ECJ rejects another bottle shape mark application

European Union

In Develey Holding GmbH & Co Beteiligungs KG v Office for Harmonization in the Internal Market (OHIM) (C-238/06 P), the European Court of Justice (ECJ) has upheld decisions by the Second Board of Appeal of OHIM and the Court of First Instance (CFI) refusing registration of a three-dimensional mark consisting of the shape of a bottle.

Develey Holding GmbH & Co Beteiligungs KG filed an application for the registration of a three-dimensional sign as a Community trademark for goods in Classes 29, 30 and 32 of the Nice Classification. The examiner of OHIM, the board of appeal and the CFI considered that the trademark was devoid of any distinctive character (for further details, see "Bottle shape mark application rejected"). The ECJ affirmed the decision of the CFI and added several considerations which are of interest to trademark owners.

First, Develey raised several arguments under the Agreement on Trade-Related Aspects of Intellectual Property Rights and the Paris Convention for the Protection of Industrial Property. The ECJ rejected these arguments by referring to the final recital of the preamble to Council Decision 94/800, whereby the Agreement establishing the World Trade Organization, including the annexes thereto, is not susceptible to being directly invoked in Community or national courts. The ECJ also stated that the European Union is not a party to the Paris Convention. Provisions of these treaties will therefore apply in future Community trademark cases only if and to the extent that they have been implemented by EU law either by reference or through identical or similar legal provisions.

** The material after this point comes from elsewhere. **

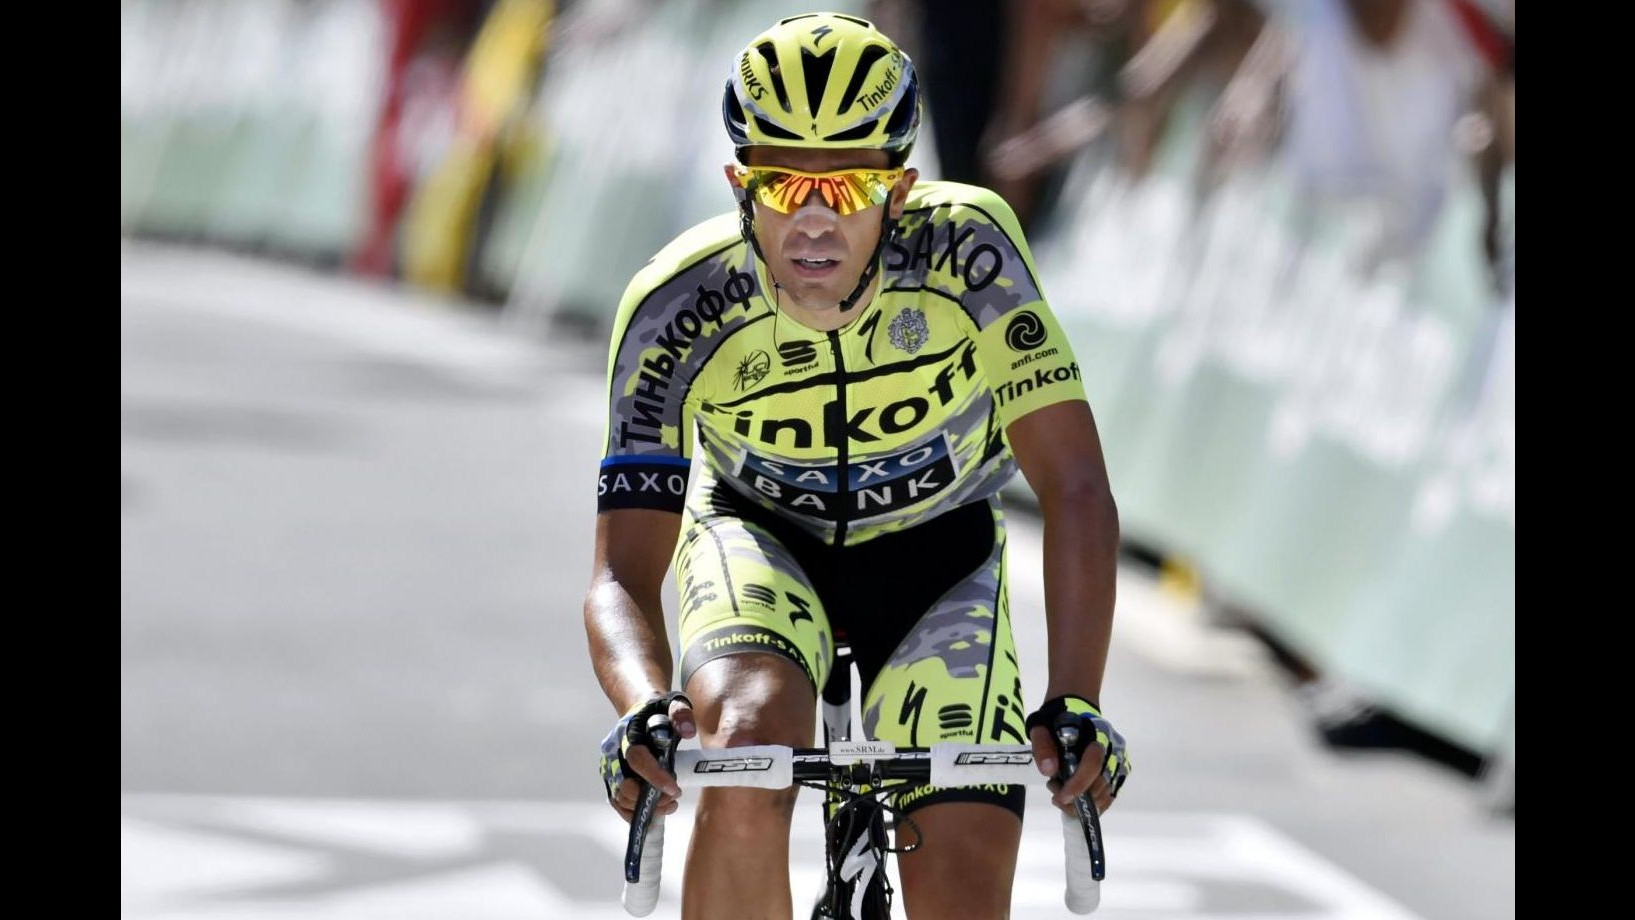 Tour de France, Contador: Non mi arrendo, voglio vincere

Moreover, Develey claimed that the lower instances had failed to apply the EU rules on the burden of proof - that is, the burden to prove that the trademark was devoid of distinctive character rested on the OHIM. On the contrary, the ECJ held that Develey had to show that the trademark applied for had either an intrinsic distinctive character or a distinctive character acquired by usage.

Further, Develey alleged that because its trademark had been registered by the German Patent and Trademark Office, the refusal to register it as a Community trademark contradicted the findings of the German authority. The ECJ recalled that the Community trademark regime is an autonomous system which is independent of the national trademark systems and the OHIM is under no obligation to follow the assessment of a national IP office.

With regard to the degree of distinctiveness of the mark, the ECJ held that the criteria for assessing the distinctive character of a three-dimensional trademark consisting of the appearance of the product itself are no different from those applicable to other types of trademarks. Therefore, only marks which depart significantly from the norm or customs of the sector should be regarded as distinctive. Although the CFI recognized that one specific feature of the mark in question differed from the usual shape of a bottle, the ECJ agreed that this feature alone was insufficient to influence the overall impression given by the trademark.

Finally, the ECJ had to decide whether in examining the distinctiveness of the trademark in respect of the goods and services covered, the CFI had to justify its findings in respect of the individual goods and services. The ECJ concluded that where the same grounds of refusal apply to a category of goods or services, a general reasoning for all the goods or services will be sufficient. This will undoubtedly simplify the work of examiners, but may lead to inconsistent results.

Arguably, this decision makes it even more difficult for trademark applicants to protect a specific bottle shape.